Do not include the pictures; repeat the rest of the data exactly.

#### [SUPPLIED MATERIAL]
━━━━

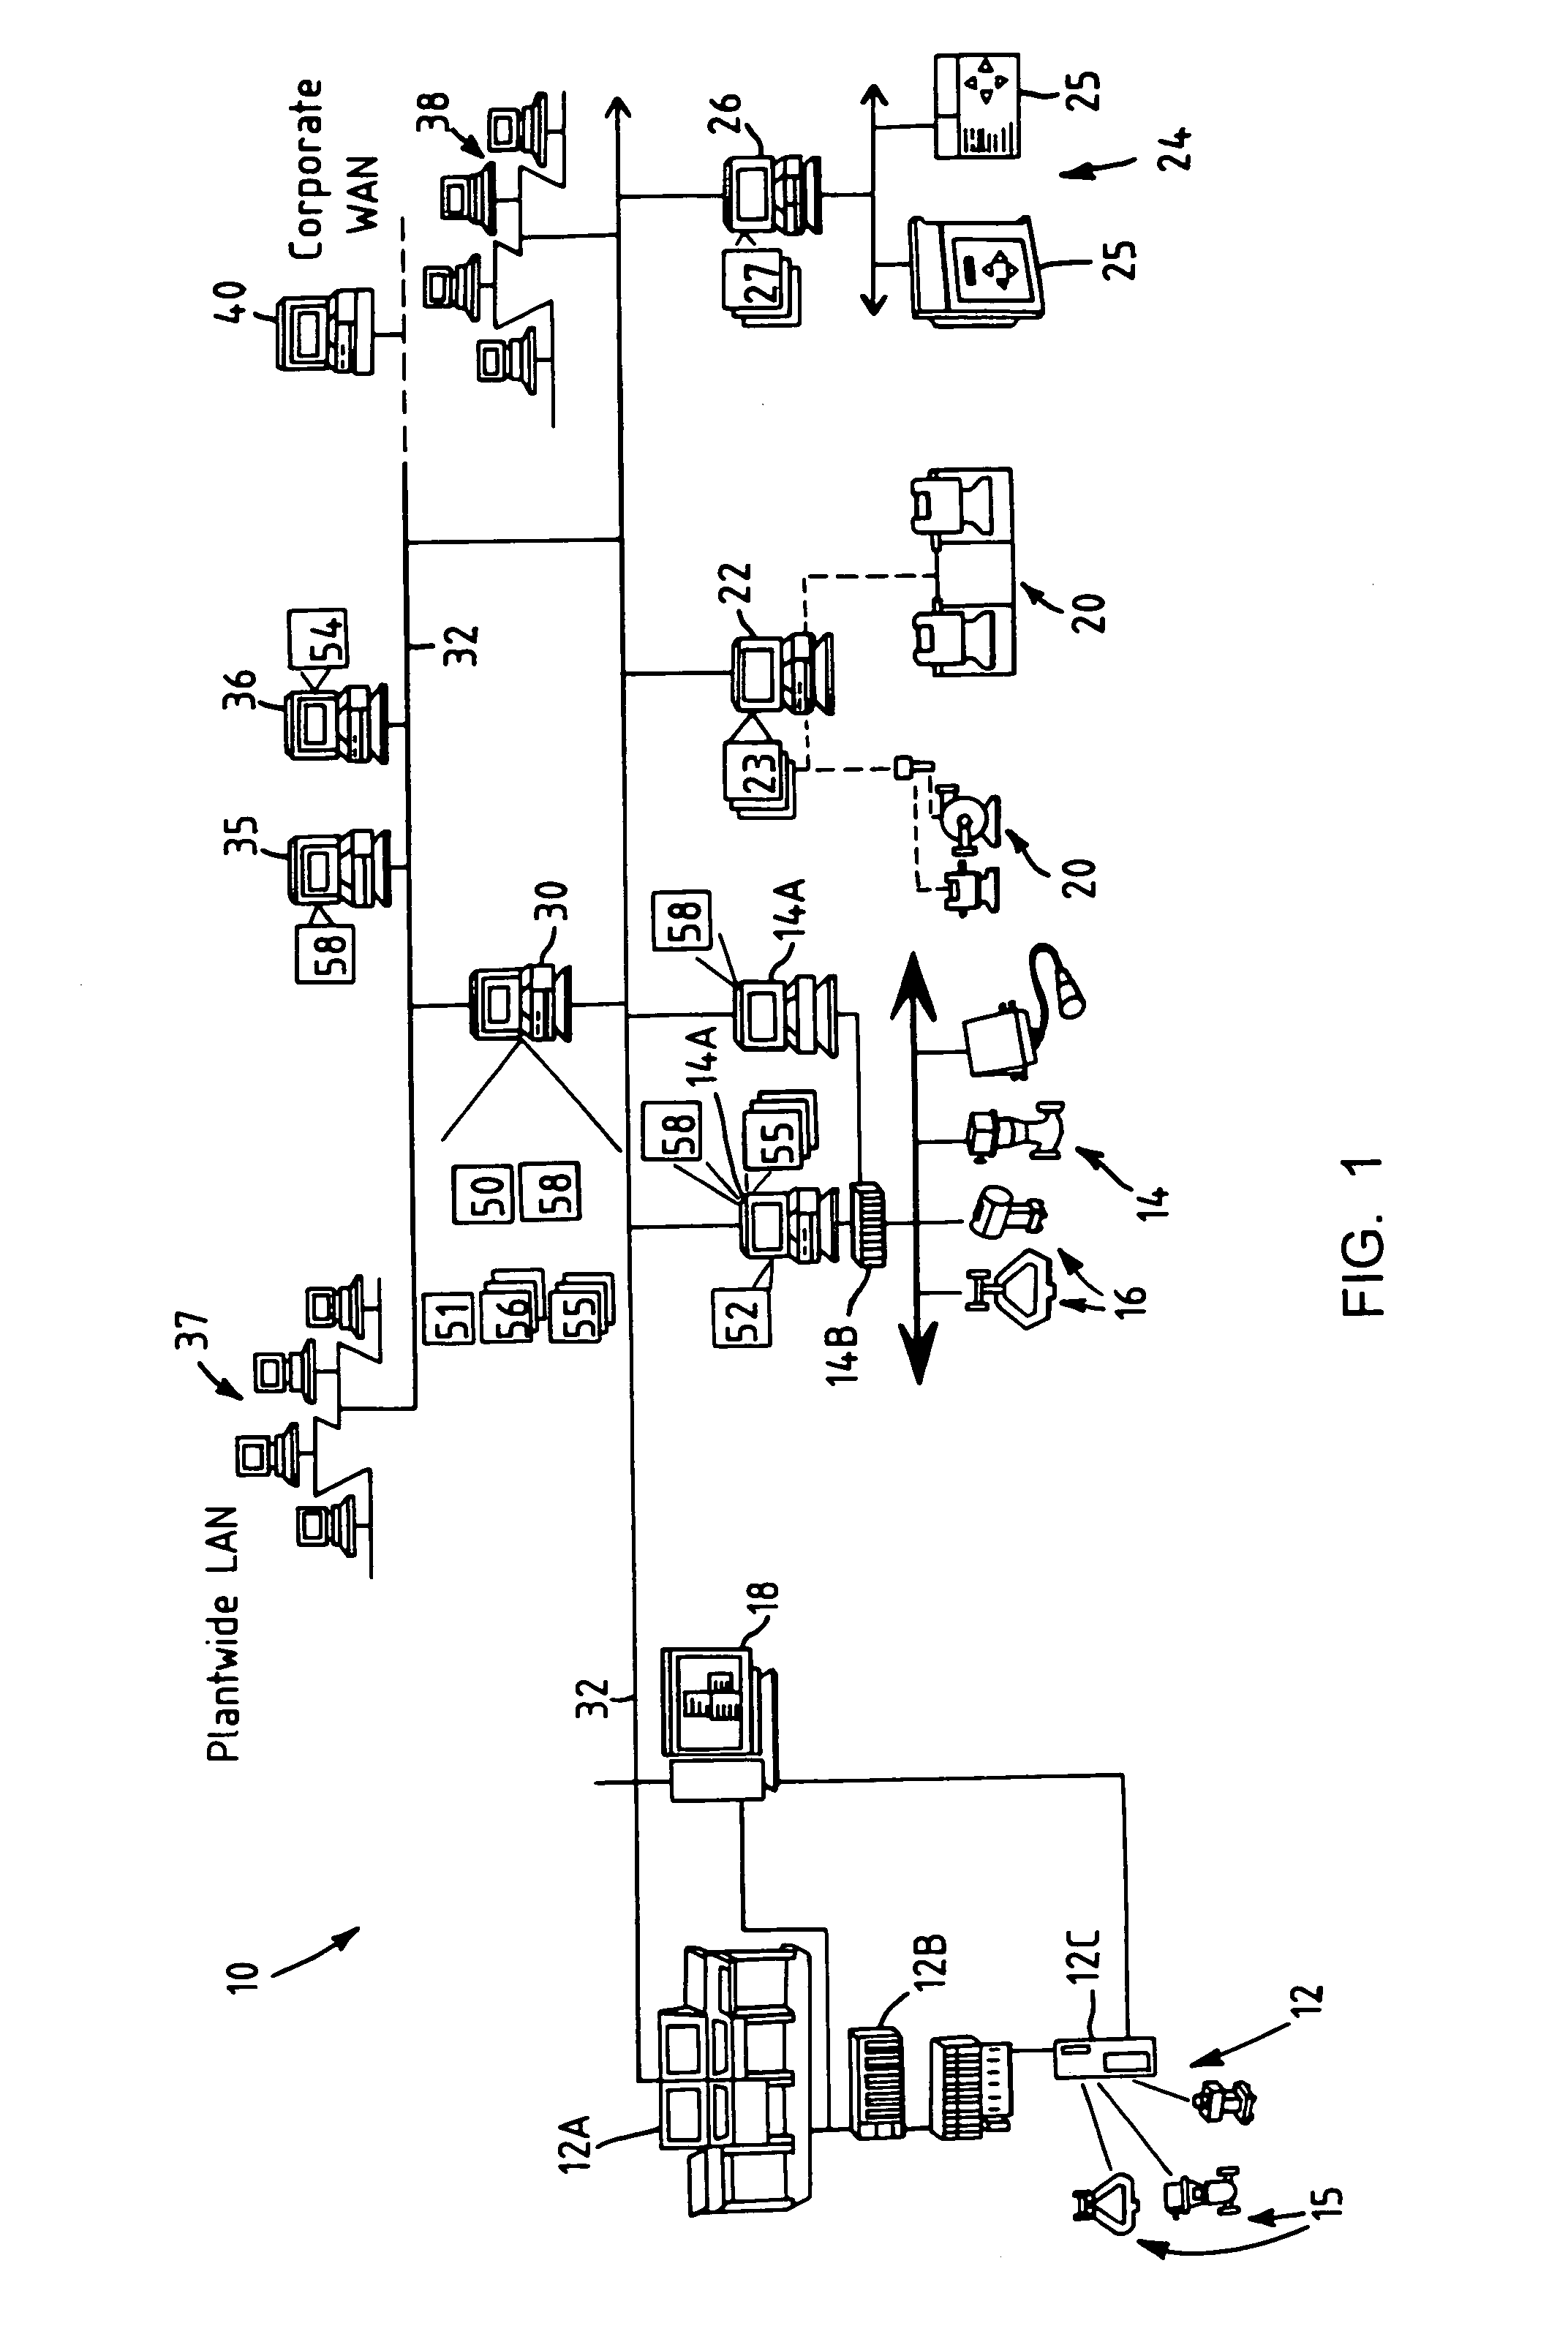 Method and apparatus for performing a function in a plant using process performance monitoring with process equipment monitoring and control
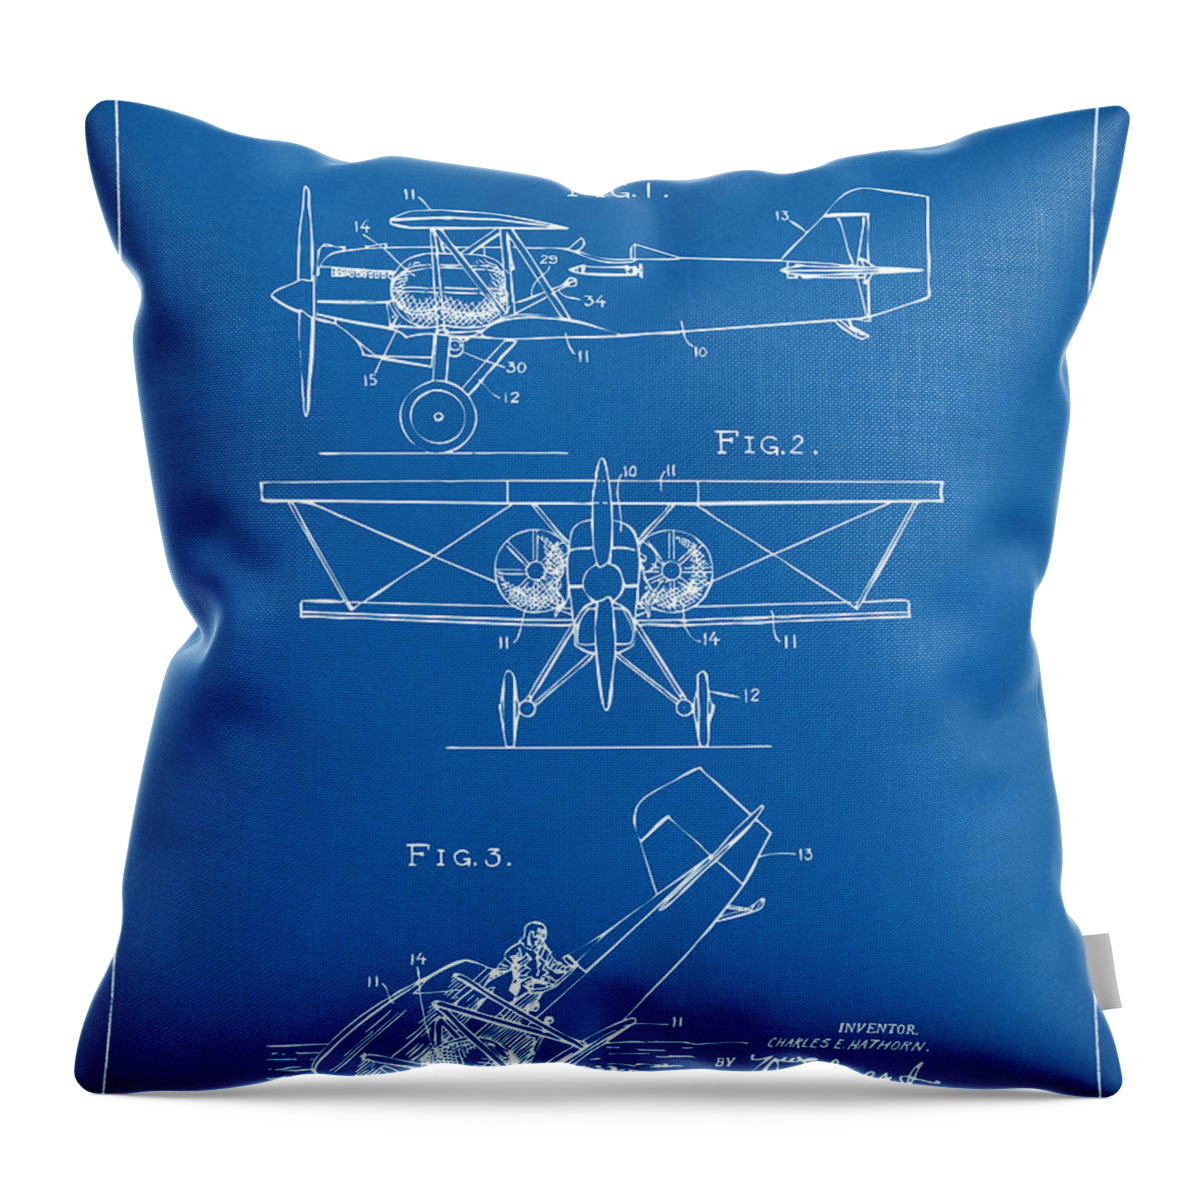 Aircraft Throw Pillow featuring the digital art 1931 Aircraft Emergency Floatation Patent Blueprint by Nikki Marie Smith
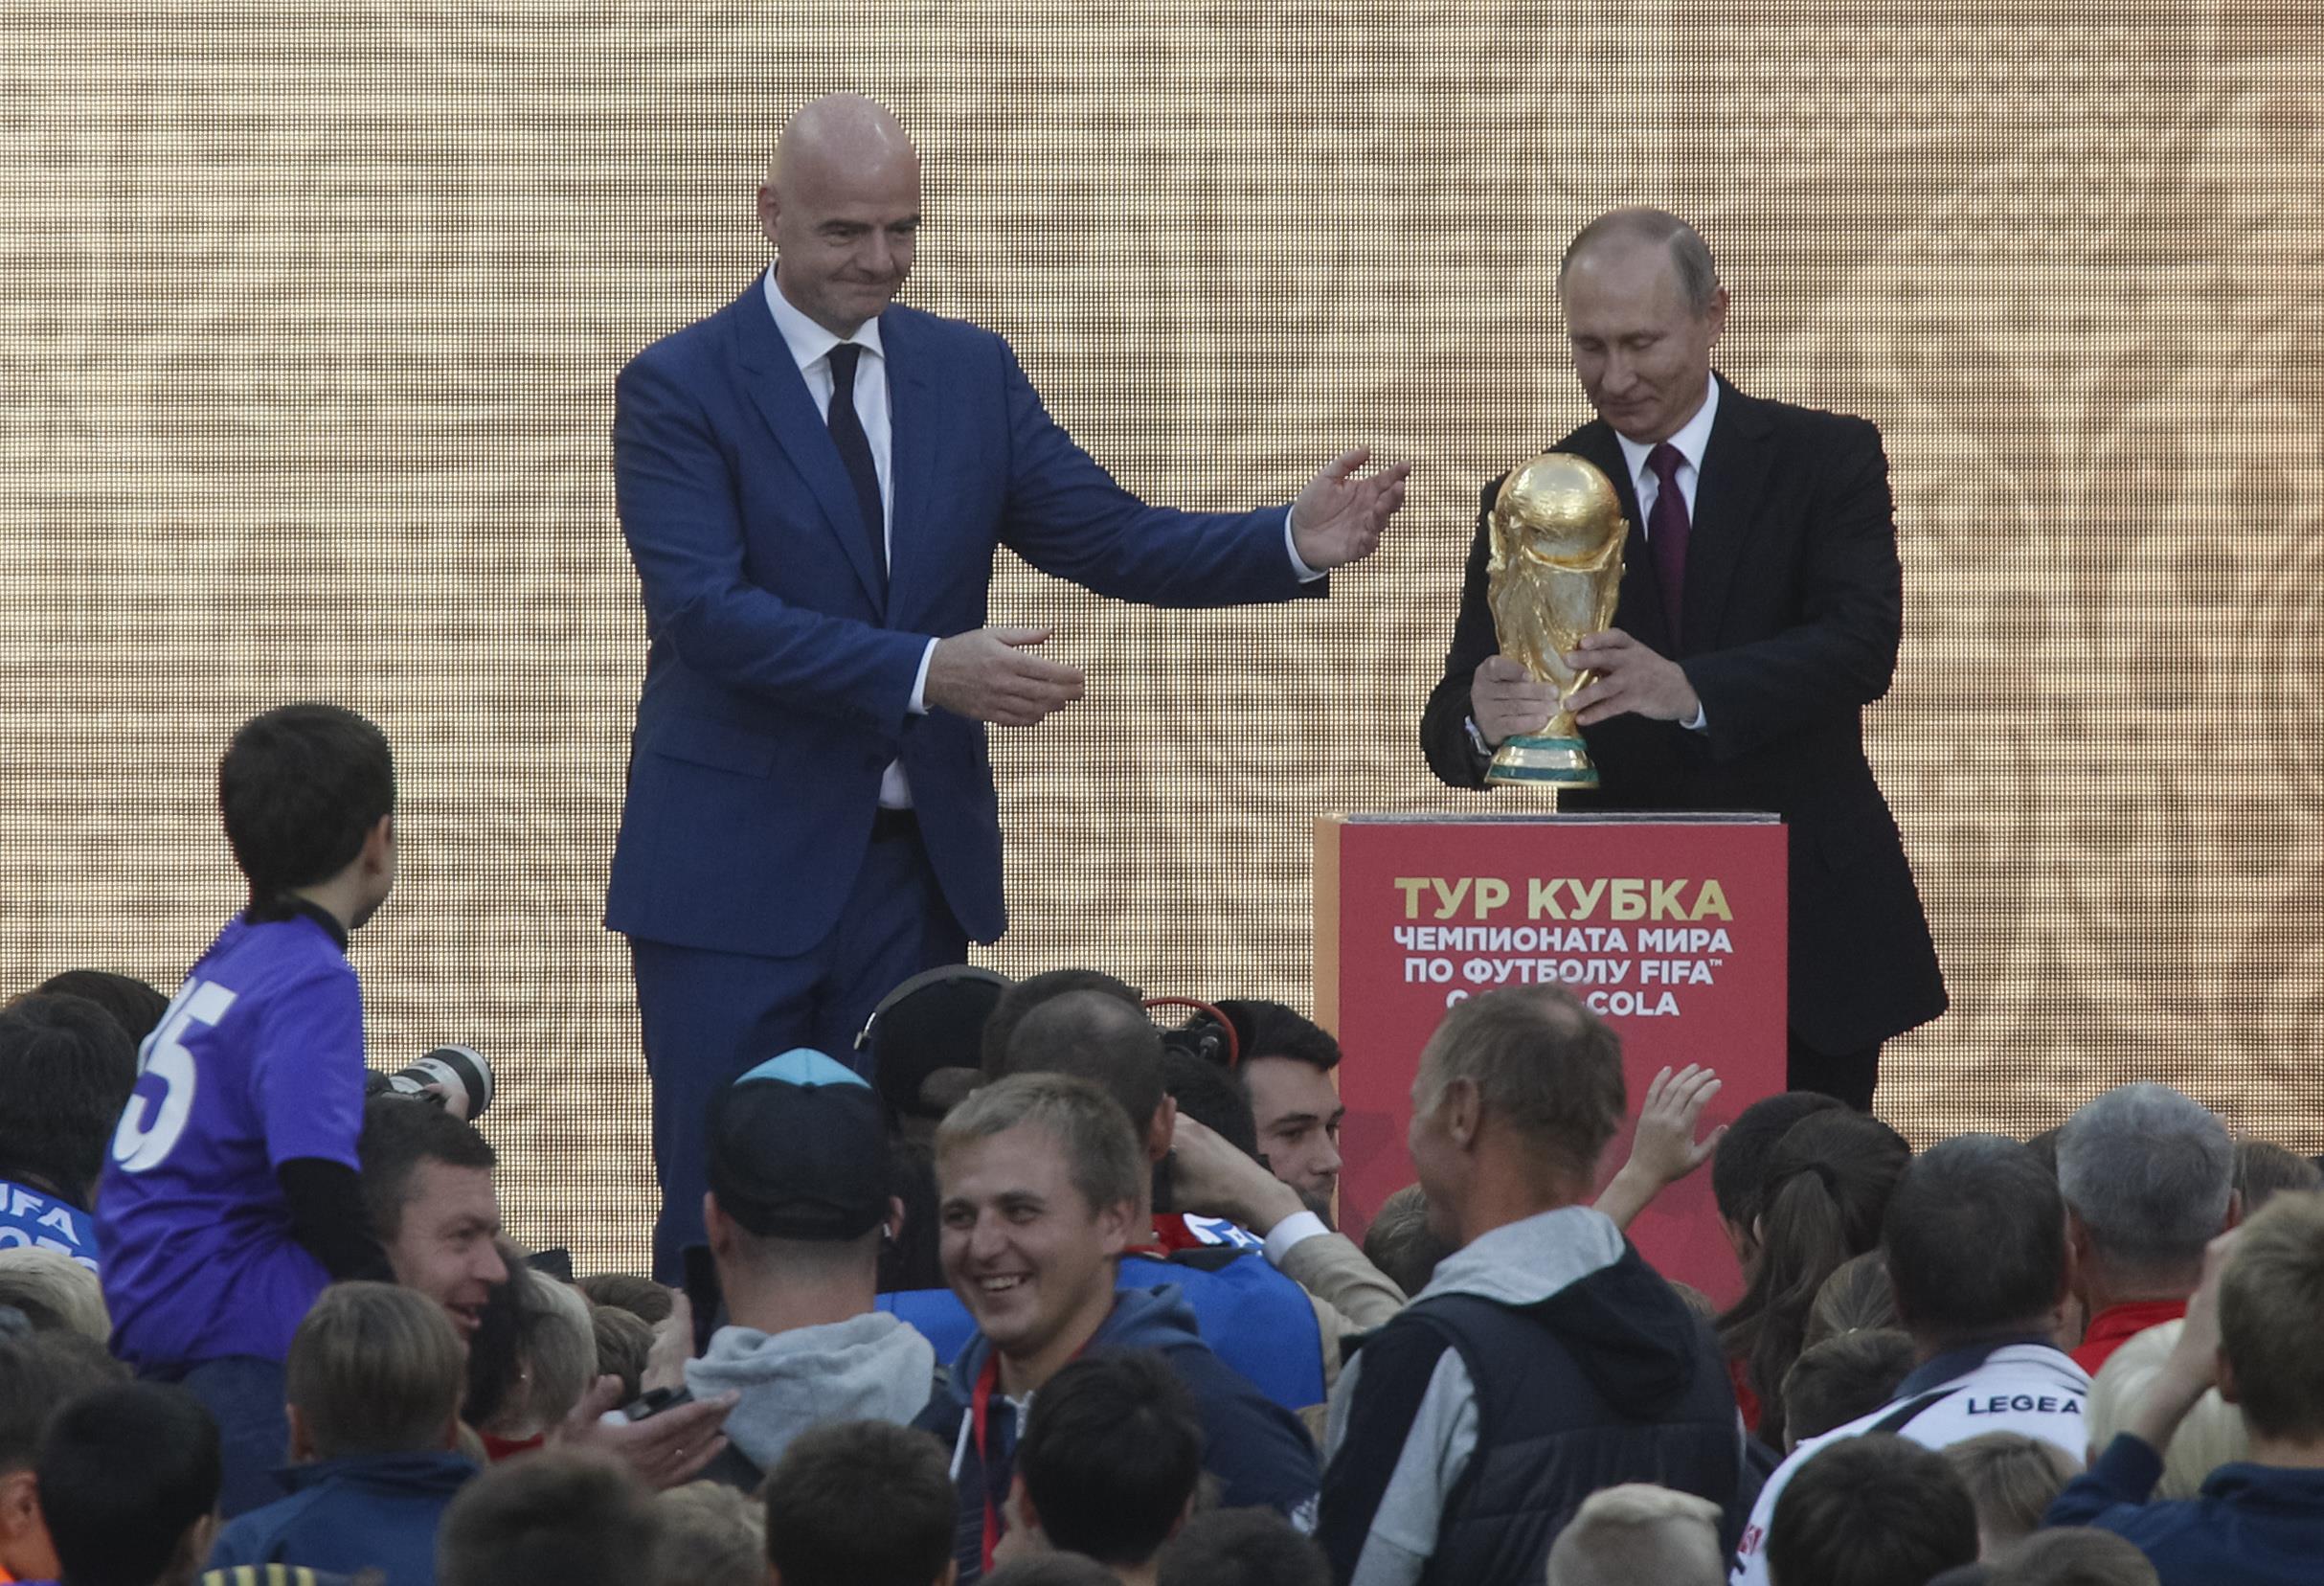 Football: Putin, FIFA chief Infantino send main trophy on Russia tour before 2018 World Cup

━━━━

#### [TASK SOLUTION]
 Method and apparatus for performing a function in a plant using process performance monitoring with process equipment monitoring and control
 Aircraft Throw Pillow featuring the digital art 1931 Aircraft Emergency Floatation Patent Blueprint by Nikki Marie Smith
 Football: Putin, FIFA chief Infantino send main trophy on Russia tour before 2018 World Cup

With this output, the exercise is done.